More than 20 people were killed Wednesday in fighting between government soldiers and Islamist insurgents in central Somalia, witnesses and officials said.
Al-Shabab fighters attacked a Somali National Army base in El-Hareri, a village in the Galguduud region, before dawn. The commander of the base, Colonel Ahmed Mohamed, told VOA's Somali service that 18 militants, five government soldiers and a civilian were killed during the fighting.
“They attacked our base with hundreds of heavily armed fighters and 10 battle wagons mounted with machine guns,” he said. “We managed to repulse the attack, and our troops then counterattacked.” Each side lost a vehicle in the clash, he said.
Abulle Idow, a resident contacted via telephone, said locals went to the base after the fighting and saw more than 20 dead bodies.

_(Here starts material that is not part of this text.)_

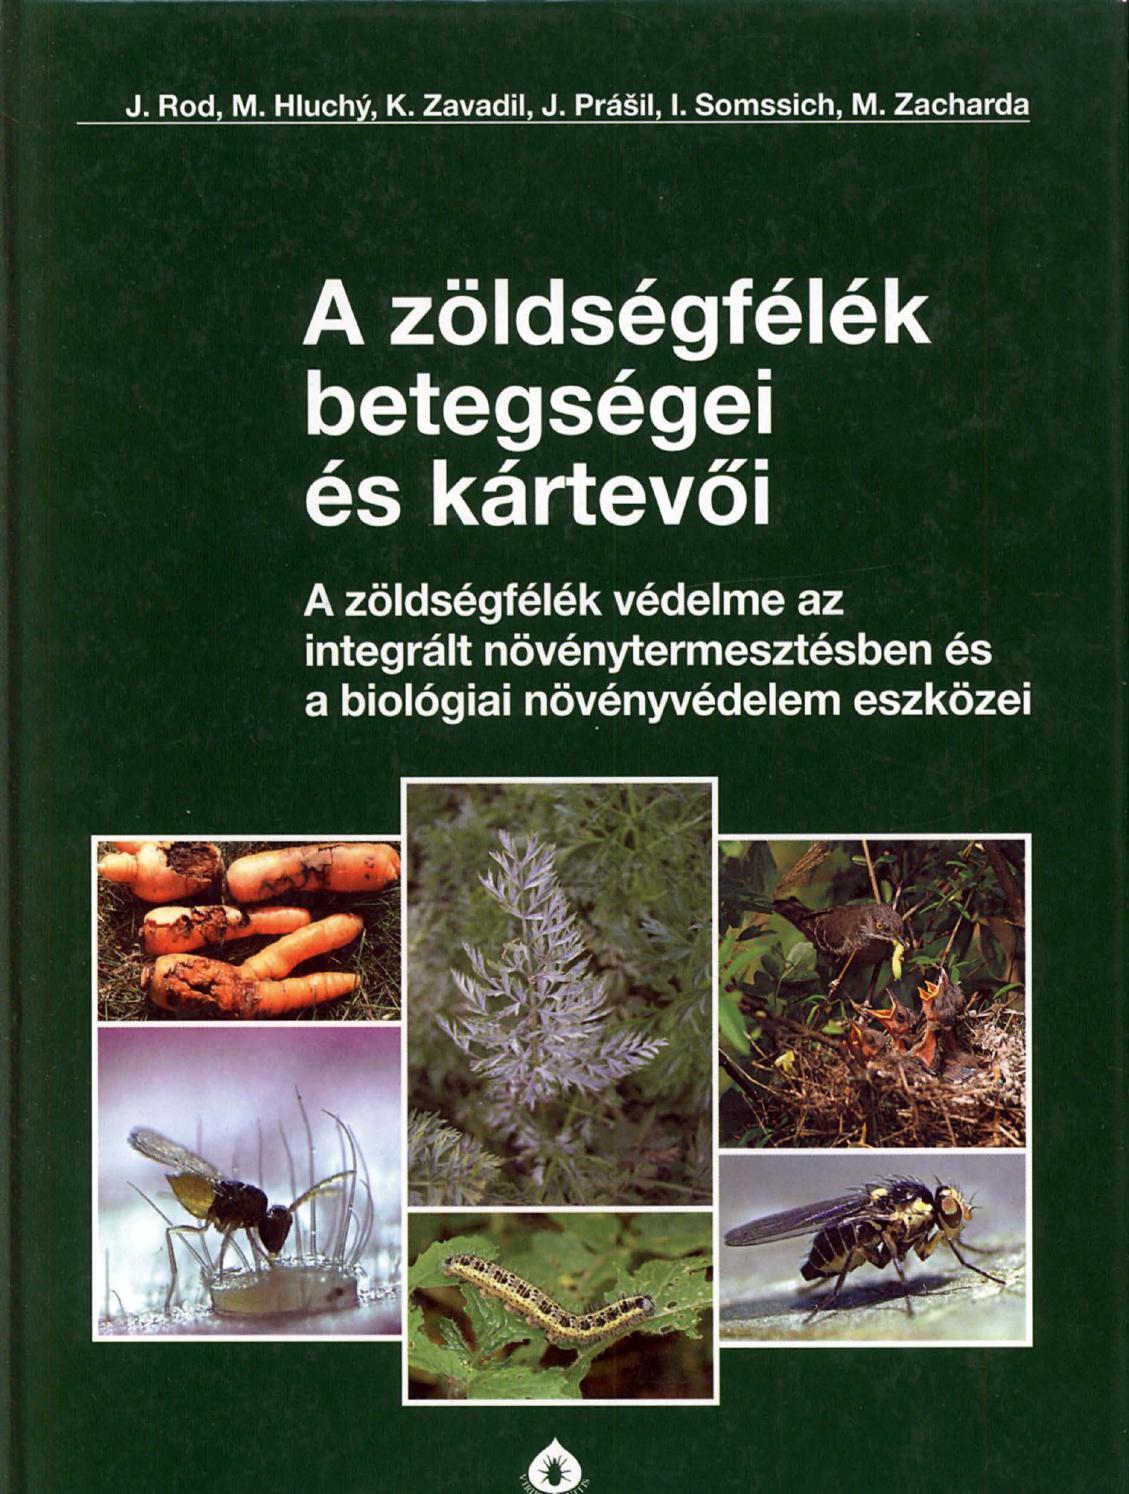 Paraziták a bélben: a puffadás okozói - HáziPatika
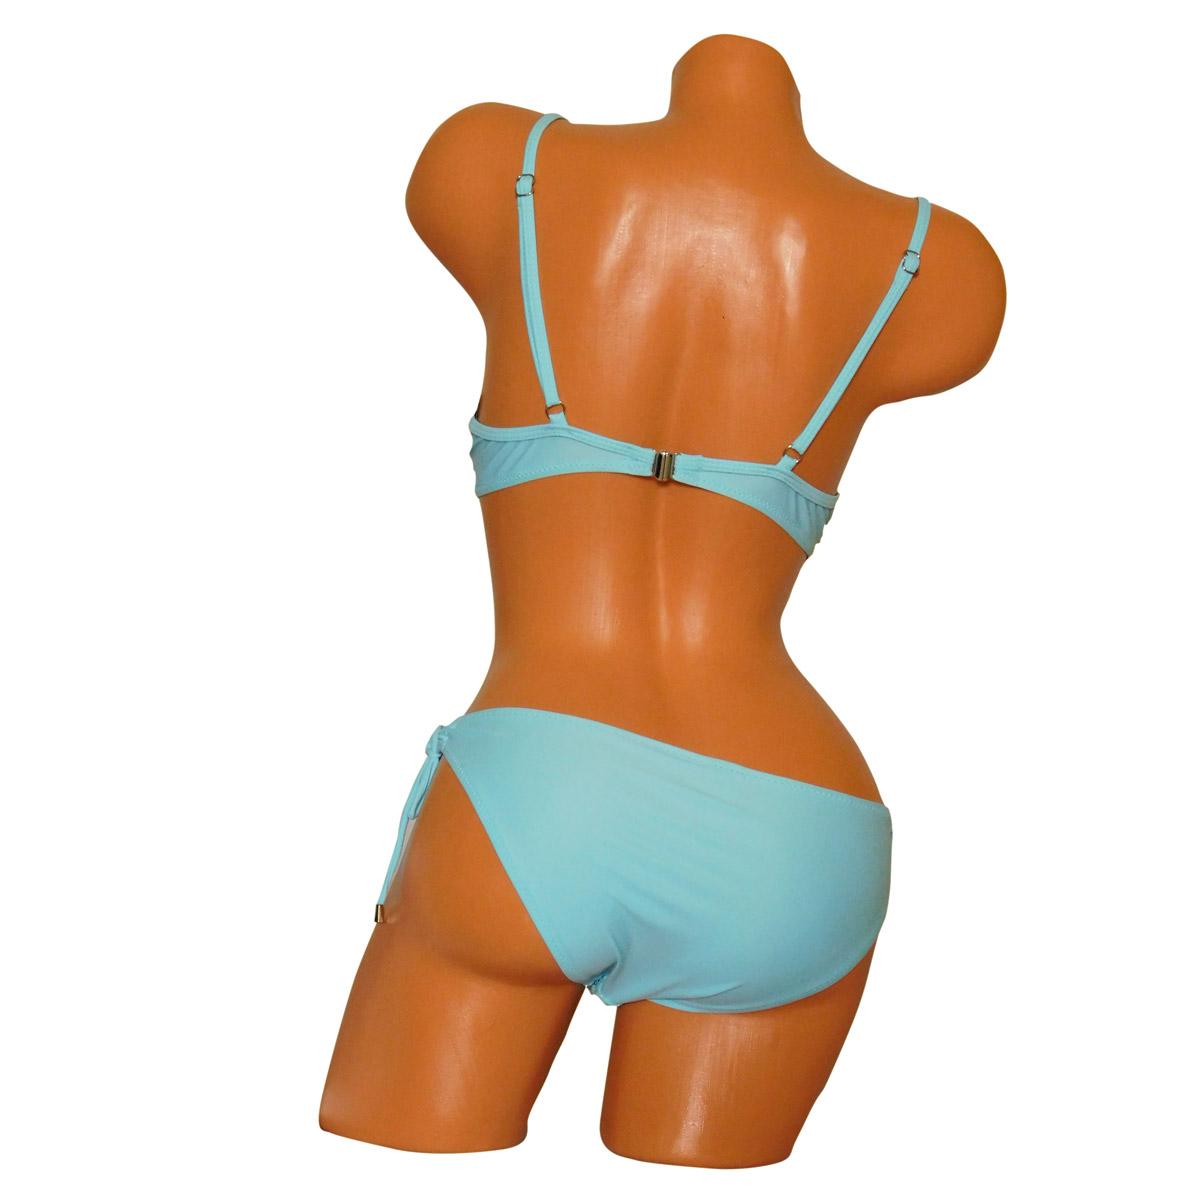 Merevítős push-up bikini, kötős csipkés bugyival kék szinben

More than 10 militants and two government soldiers were injured in the attack, government officials said.
Radio Andalus, al-Shabab's mouthpiece in Somalia, reported that the militants had initially seized control of the base and killed more a dozen government soldiers, but Mohamed denied that.
“They did not seize the base,” he said. “They attacked us with a large number of militants from different regions of Somalia to inflict us a great loss, but thanks to Allah, they failed.”
Since 2006, al-Shabab has tried to overthrow Somalia's federal government and set up a state based on a strict interpretation of Sharia, or Islamic law. The group once controlled most of southern Somalia but was ousted from major cities and towns by the African Union mission in Somalia, AMISOM.
Last Saturday, a suspected al-Shabab suicide bomber attacked a hotel in Mogadishu, killing at least 15 people. Among those killed was Buri Mohamed Hamza, a Somali government minister with Canadian citizenship, and Duale Shahid, a young Somali doctor whose father was killed in a similar hotel attack in Mogadishu in 2009.